_Work item_
Write out the data exactly, please, and omit the pictures.

_Data extract_
----

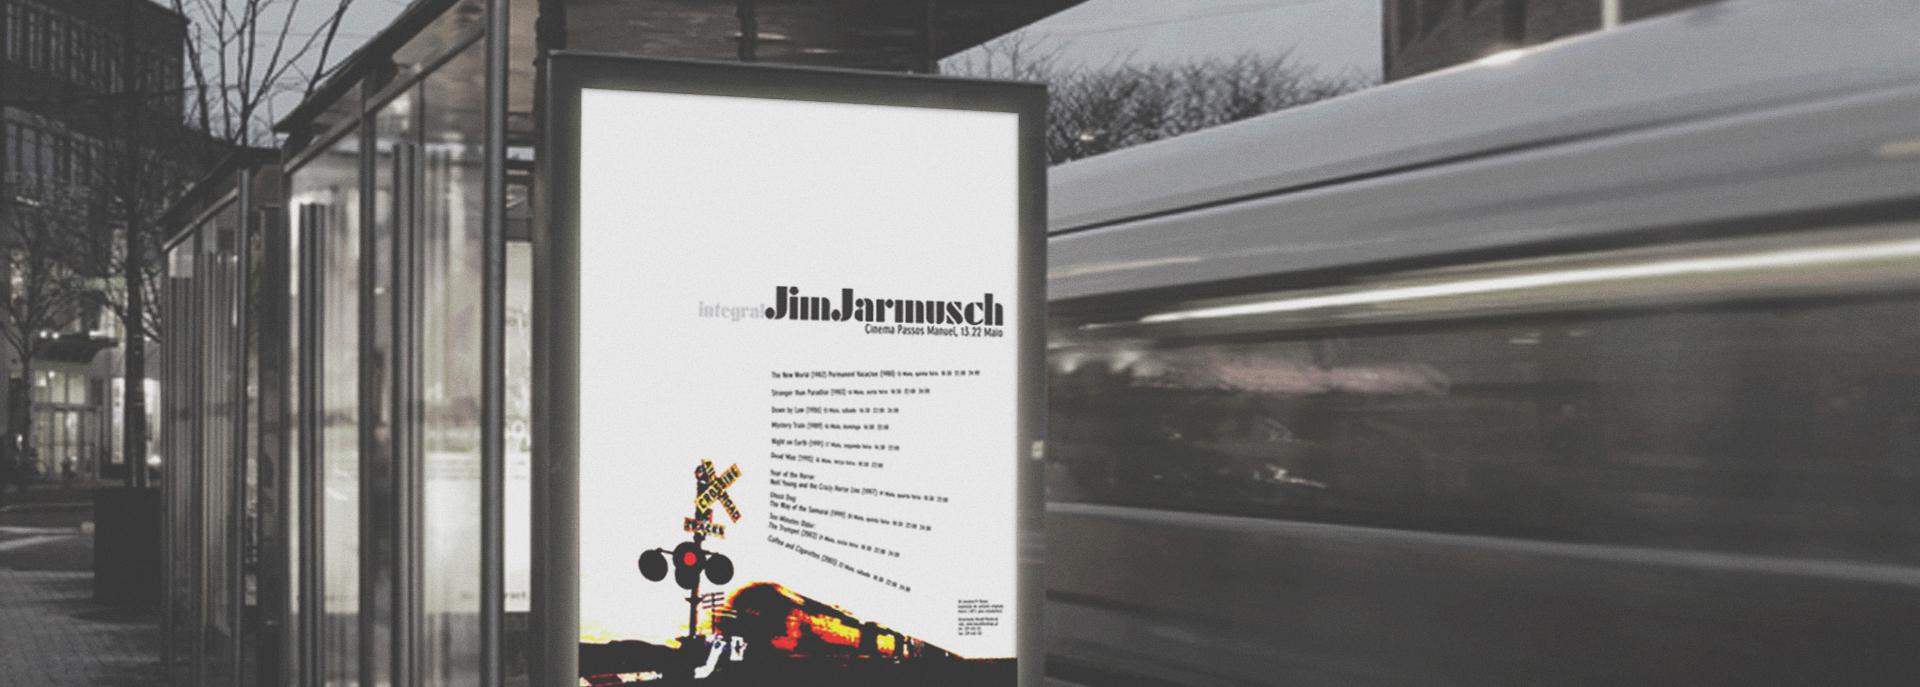 Design-Grafico-Graphic-Design-Cartaz-Poster-Mupi-Festival-Cinema-Film-Festival-Jim-Jarmush-bonjourmolotov_N4.jpg
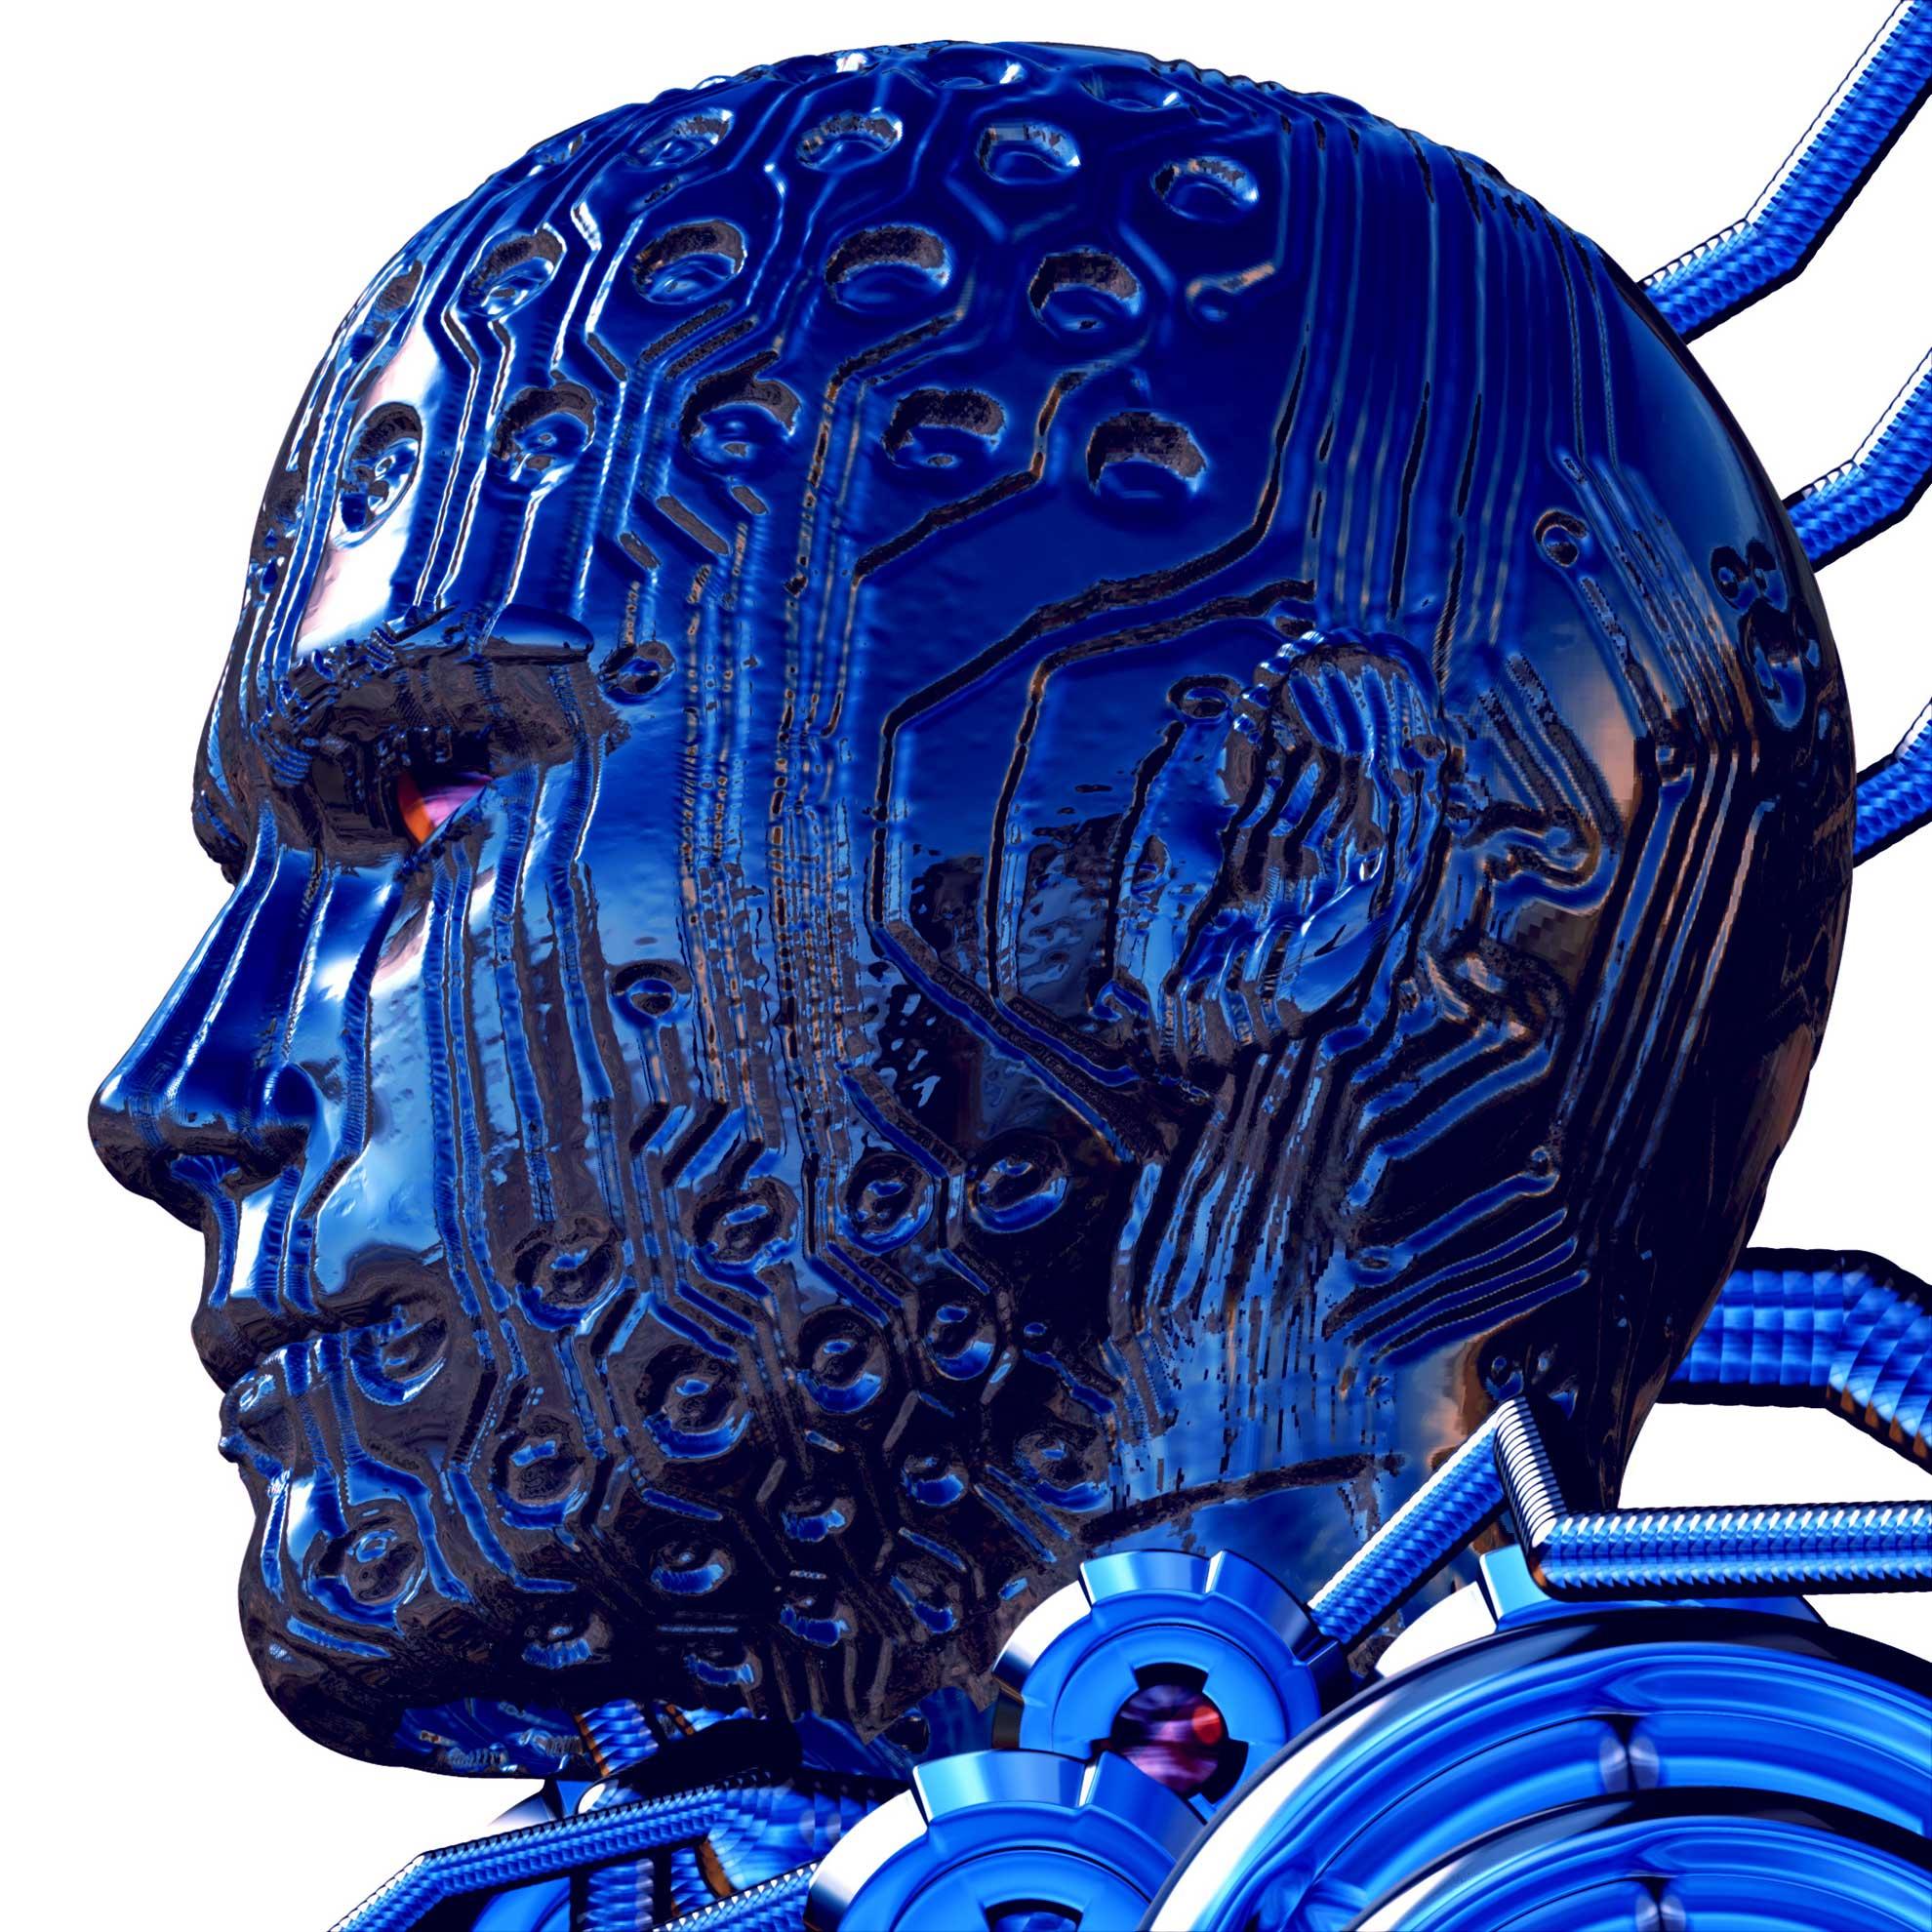 BS_Cyber-Male-head_Tonis-Pan_s
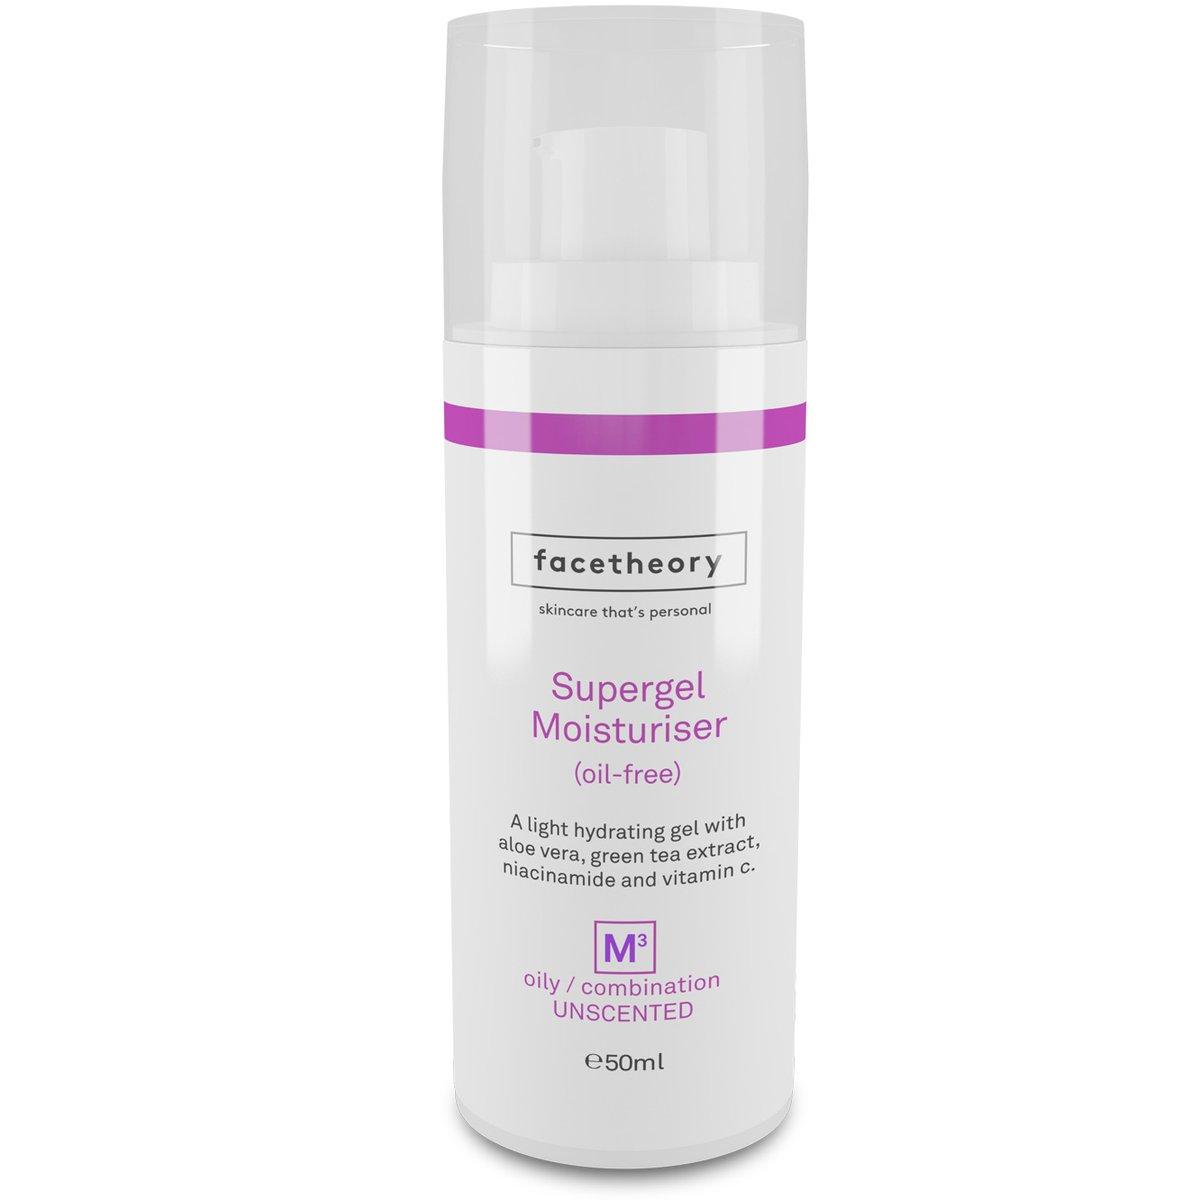 M3_Oil-Free-Supergel moisturiser FAcetheory.jpg

----

_Response area_
 Design-Grafico-Graphic-Design-Cartaz-Poster-Mupi-Festival-Cinema-Film-Festival-Jim-Jarmush-bonjourmolotov_N4.jpg
 BS_Cyber-Male-head_Tonis-Pan_s
 M3_Oil-Free-Supergel moisturiser FAcetheory.jpg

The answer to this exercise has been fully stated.